Atra-Sol on reflections about video games, related culture, and the struggle of proletarian thought

My idea is to take on the role of an ordinary Party member in history, to play as the Bolshevik or Menshevik faction advocate within the internal-line struggle, and then enter different lines. The feeling is that the main purpose is to serve as a warning education, to alert what opportunist lines would lead to. That’s how I think about it.

But isn’t this a kind of historical idealism, where facts in history can be arbitrarily distorted? Furthermore, the occurrence of historical events surely has deep causes and its own historical laws. For example, the Huairen Hall coup was not simply about the capitalist faction sending troops to arrest the central revolutionary faction; it was also because after Chairman Mao’s death, there was no figure who could rally the revolutionaries, among other factors. Therefore, it is meaningless to discuss fancifully what China would look like if the Huairen Hall coup had not occurred. Similarly, imagining that the Menshevik line would take the leading position is also meaningless and impossible.

1 Like

Not falsified history or baseless fantasy, but deduced from the conclusions of historical materialism—the history of class struggle and the history of the people’s commune—what might happen if you follow opportunism and revisionism, so as to serve as a warning with this effect.

What you say also makes sense: the idea that the Mensheviks could succeed, at first glance, is an expansion of a conclusion that has already appeared in the history of the workers’ movement. In fact, it violates the objective laws of historical materialism. History has proven that erroneous things will inevitably be swept into dust by history; dreaming of an incorrect worldline is itself a kind of illusion, not a deepening of the conclusions of historical materialism, and I can’t quite grasp it all at once.

I’m actually guilty of the fantasy I mentioned above: imagining using a computer to simulate a boundless, interconnected world. :joy:

Is Pikapi still addicted to games, which is why you’re so interested in discussing whether the game can be modified?\nAlso I don’t know why you chose this name.

History basically cannot be simulated; when many things change, anything can happen, because no one records all that is happening, and no one can be sure how history will ultimately unfold.

1 Like

There is actually thinking about the boundary between opposing reactionary literature and art and conservatism. If the current new literature and art are all about denying everything, it somehow feels like falling into another extreme. But in fact, the real way to solve this problem might still be to seize power first and develop it in the practice of struggle, just like the past Beijing Opera revolution. Sudden musings always fall into idealism.

What is to be critically absorbed is the culture created by the working people; there is natural no need to absorb the decayed culture of the falling bourgeoisie. Just as with Confucianism, we will not engage in vulgar dialectics to say it has both good and bad, nor talk about overturning the Kong Family Establishment and rescuing Confucius with that reactionary fallacy. Instead, we should critically expose and smear it.

1 Like

Under the conditions of bourgeois totalitarian rule, there is almost no meaningful game literature of the working people, and games created by individuals or small studios are always mixed with various backward and reactionary ideas of petit-bourgeois and bourgeois elements. But just as in Peking Opera revolution, after removing the trash of emperors, officials, talents, beauties, and other content filled with backward decayed elements in Peking Opera, and transforming it with revolutionary content to serve the revolutionary cause and the propaganda struggle in the superstructure, I wonder whether the game revolution and the Peking Opera revolution have something in common, whether MLMism could be used to lead and reform it (of course, even if possible it might require seizing power first, not sure).
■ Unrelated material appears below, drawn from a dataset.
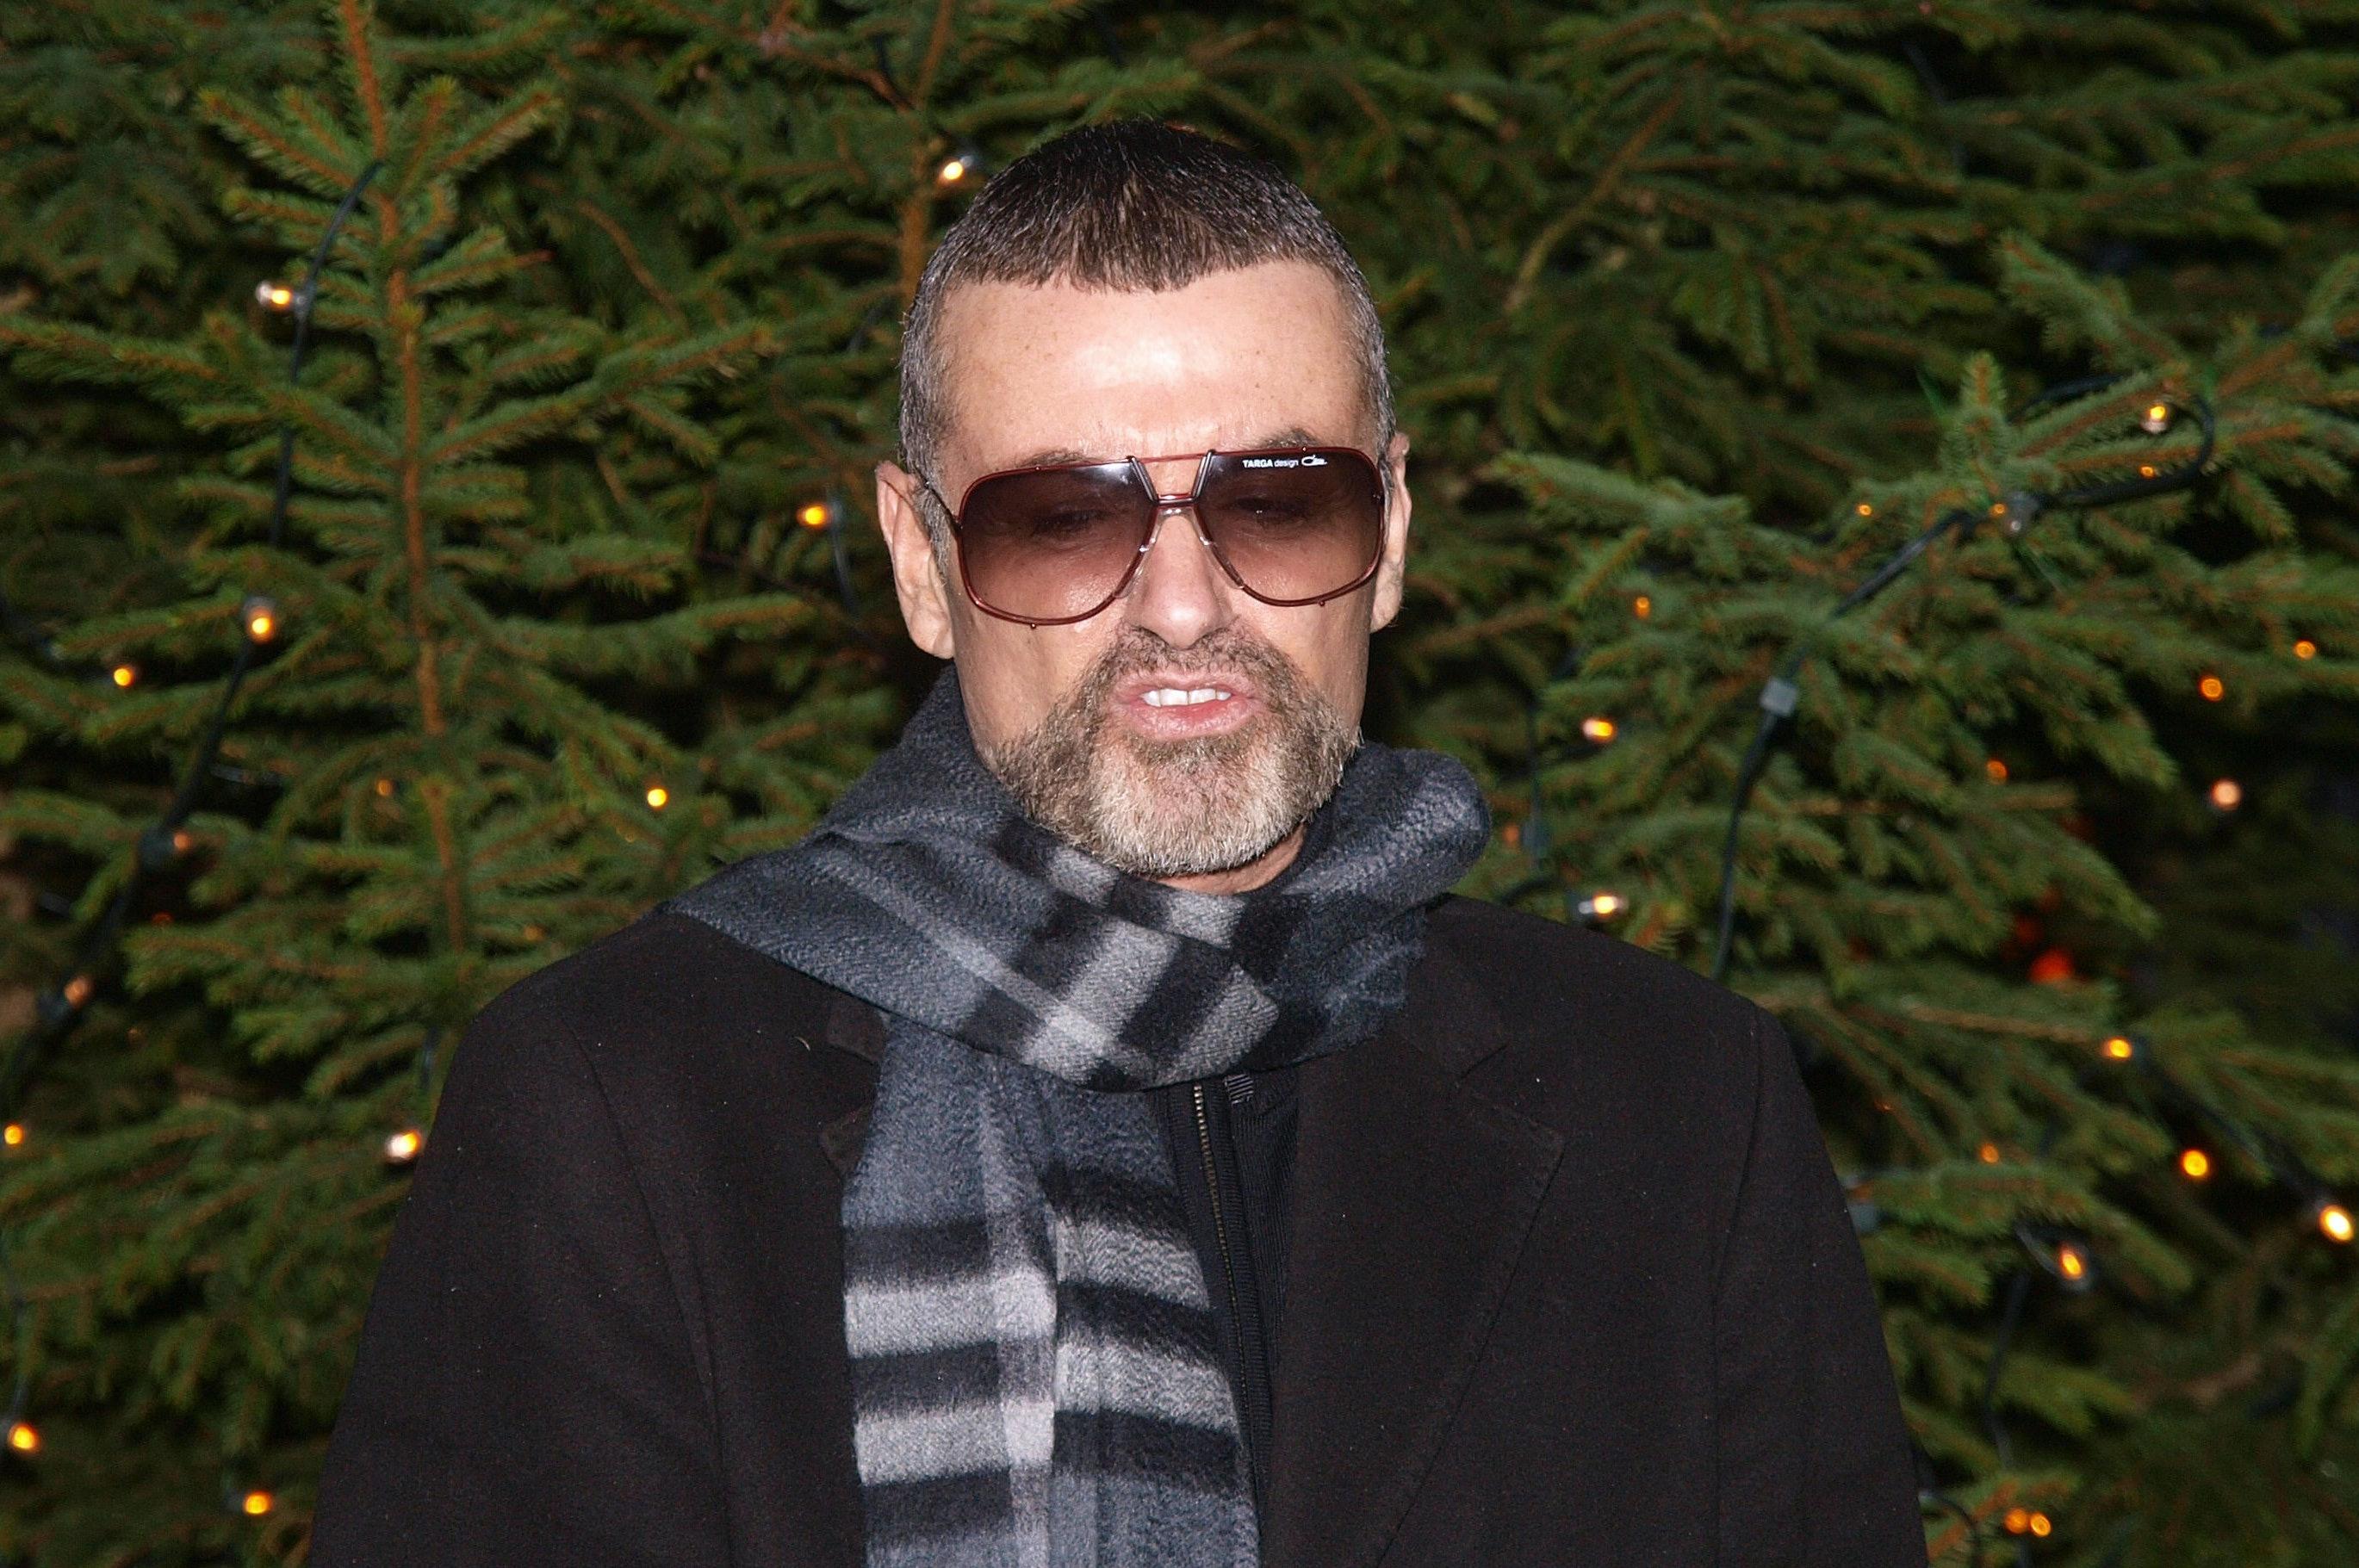 Music superstar George Michael dies aged 53

I can’t say for sure, but even as a form of promotion, video games don’t seem like a suitable tool for broad publicity. Also, may I ask why you chose this name?

The unity of form and content in two-dimensional (2D) as a concept is reactionary and decayed from the start to the end; it can only be said that purely two-dimensional plane creation can be used as an artistic form, while 2D itself cannot. Novels, films, comics, animation all have successful revolutionary transformations as examples; old-style games (board and card games and some offline, face-to-face mini-games derived from production practices) also have examples. Digital games, as a new form of games born in the information age, whether they will be as utterly reactionary and decayed as 2D culture or, like Peking opera, have possibilities for transformation—this problem perhaps can only be proven in the future through further struggle and practice. But at least for now, all existing digital games are accomplices in promoting bourgeois ideologies and dulling and poisoning workers; we must resolutely oppose and struggle, or we will die.

Regarding the name issue, I explained a bit in the Plants vs. Zombies thread.

I think it is unlikely, and this so-called view of “reforming” video games has already become a fairly widespread notion among petty bourgeois opportunists, whose purpose is to oppose communism under the banner of Marxism; I do not support such claims. Moreover, no one has provided any basis for the idea that video games can be reformed.